BACKGROUND: Triple arthrodesis is used to treat major deformities of the hindfoot and is often performed in young patients. The purpose of this study was to assess the long-term outcomes of triple arthrodesis in young patients.

METHODS: Sixty-seven feet of fifty-seven patients were evaluated at an average of twenty-five and forty-four years after triple arthrodesis. The most common indication for the operation was neuromuscular imbalance of the hindfoot, which was secondary to poliomyelitis in thirty-seven feet (55 percent), Charcot-Marie-Tooth disease in six (9 percent), spinal cord abnormalities in four (6 percent), cerebral palsy in three (4 percent), and Guillain-Barré syndrome in one (1 percent).

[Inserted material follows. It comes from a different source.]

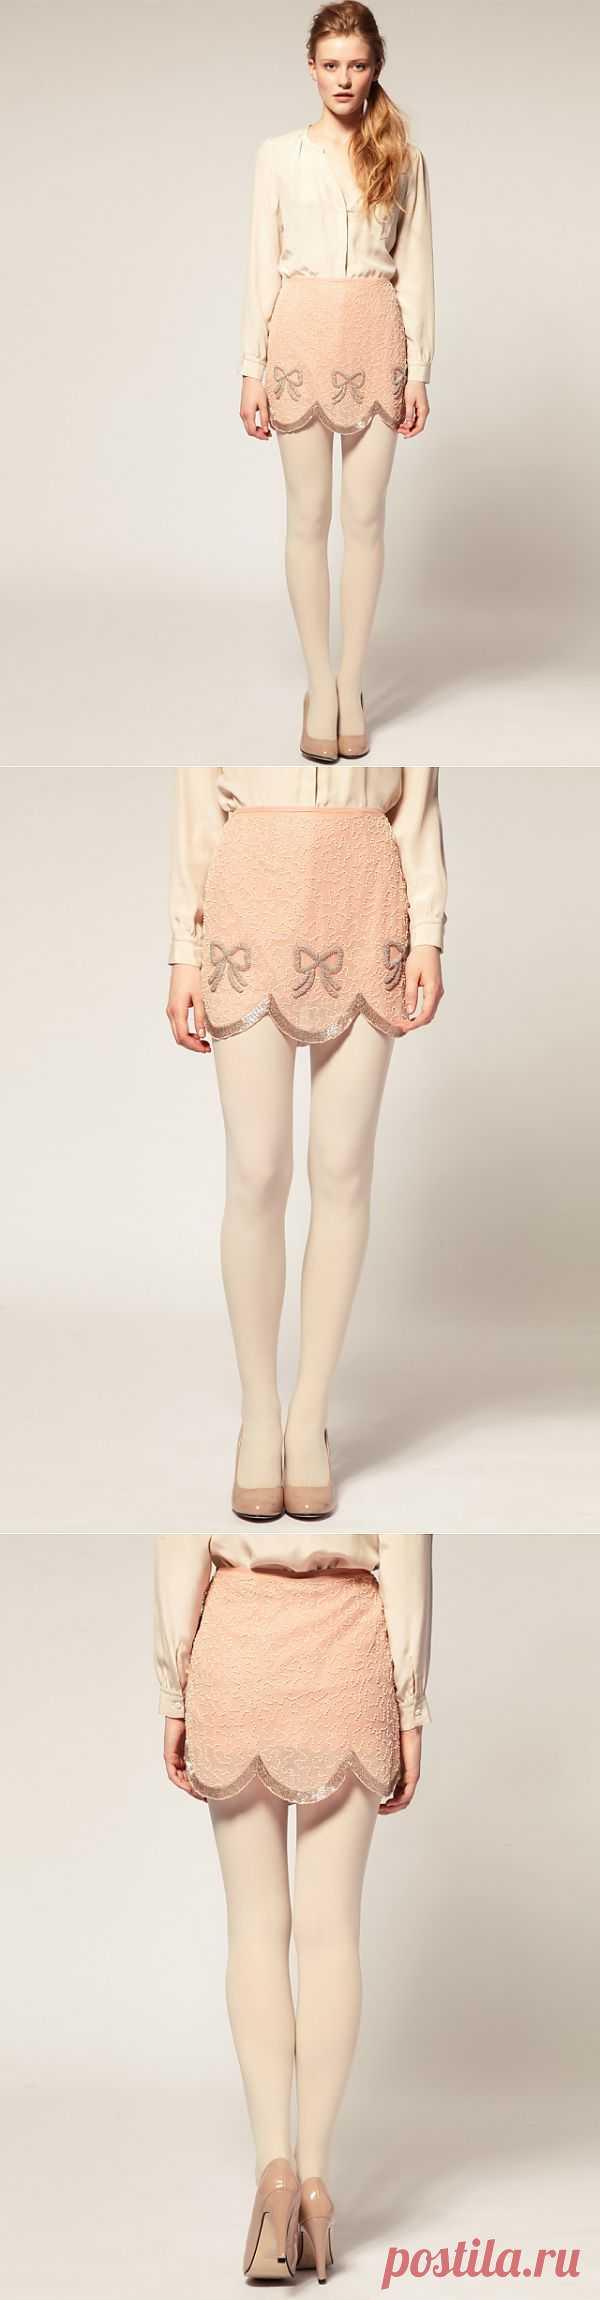 Юбка, вышитая бисером / Юбки и их переделки / Модный сайт о стильной переделке одежды и интерьера
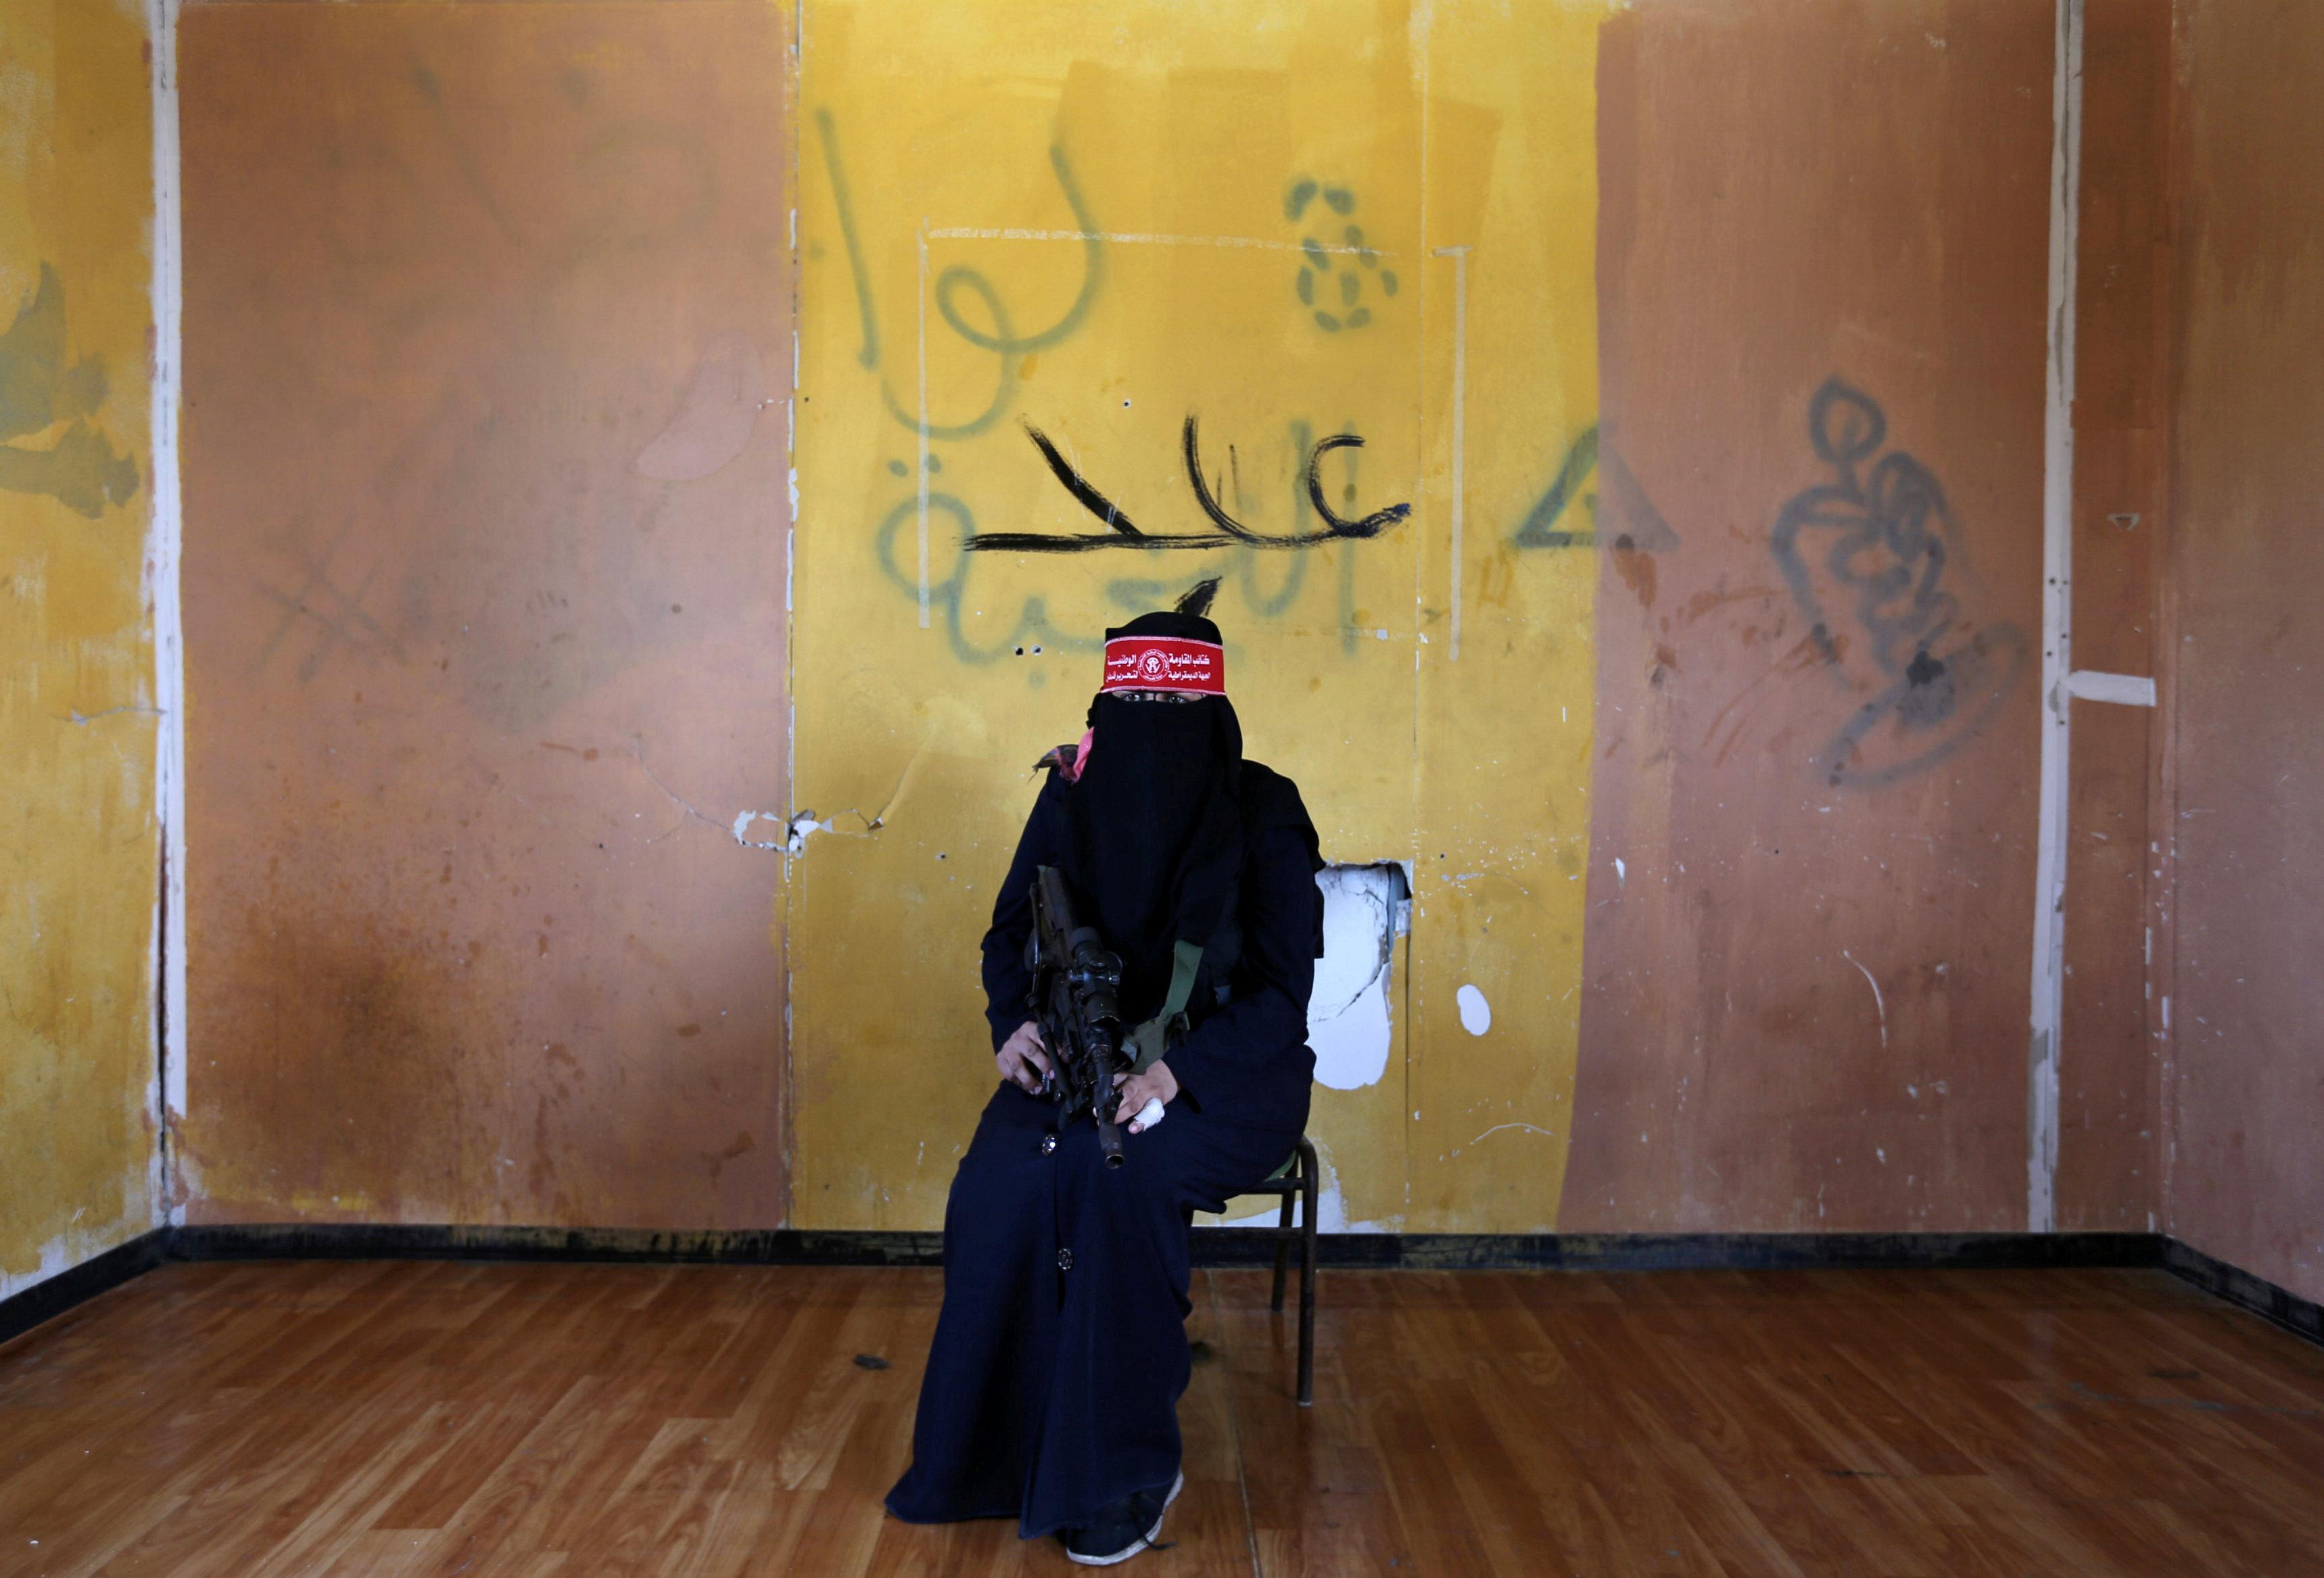 مقاتلة فى جبهة تحرير فلسطين - قطاع غزة

RESULTS: Fifty-two feet (78 percent) had some residual deformity after the arthrodesis. However, these deformities appeared to be nonprogressive between 1973 and 1994. Pseudarthrosis occurred in thirteen feet. Thirty feet or ankles (45 percent) were painful at the first follow-up evaluation, and thirty-seven feet or ankles (55 percent) were painful at the second follow-up evaluation. Of the thirty feet or ankles that were painful at the first follow-up evaluation, twenty-three were painful at the second follow-up evaluation. Of the thirty-seven feet or ankles that were not painful at the first follow-up evaluation, fourteen were painful at the second follow-up evaluation. Eighteen patients (32 percent) needed walking support at the time of the first follow-up, and thirty-nine patients (68 percent) needed it at the time of the second follow-up. Two of the patients who needed support at the first follow-up evaluation did not need it at the second follow-up evaluation. At the first follow-up evaluation, twenty-one ankles (31 percent) had no radiographic evidence of degenerative changes. However, by the second follow-up evaluation, all of the ankles had some degenerative changes. Similar progressive arthritic findings were noted at the naviculocuneiform and tarsometatarsal joints. According to the system of Angus and Cowell, the overall result at the time of the first follow-up was rated as good in fifty feet (75 percent) and as fair in seventeen feet (25 percent). At the time of the second follow-up, nineteen feet (28 percent) were rated as good, forty-six (69 percent) were rated as fair, and two (3 percent) were rated as poor.

CONCLUSIONS: Despite progressive symptoms and radiographic degeneration in the joints of the ankle and midfoot, fifty-four patients (95 percent) were satisfied with the result of the operation. The triple arthrodesis was a satisfactory solution for imbalance of the hindfoot in this group of patients.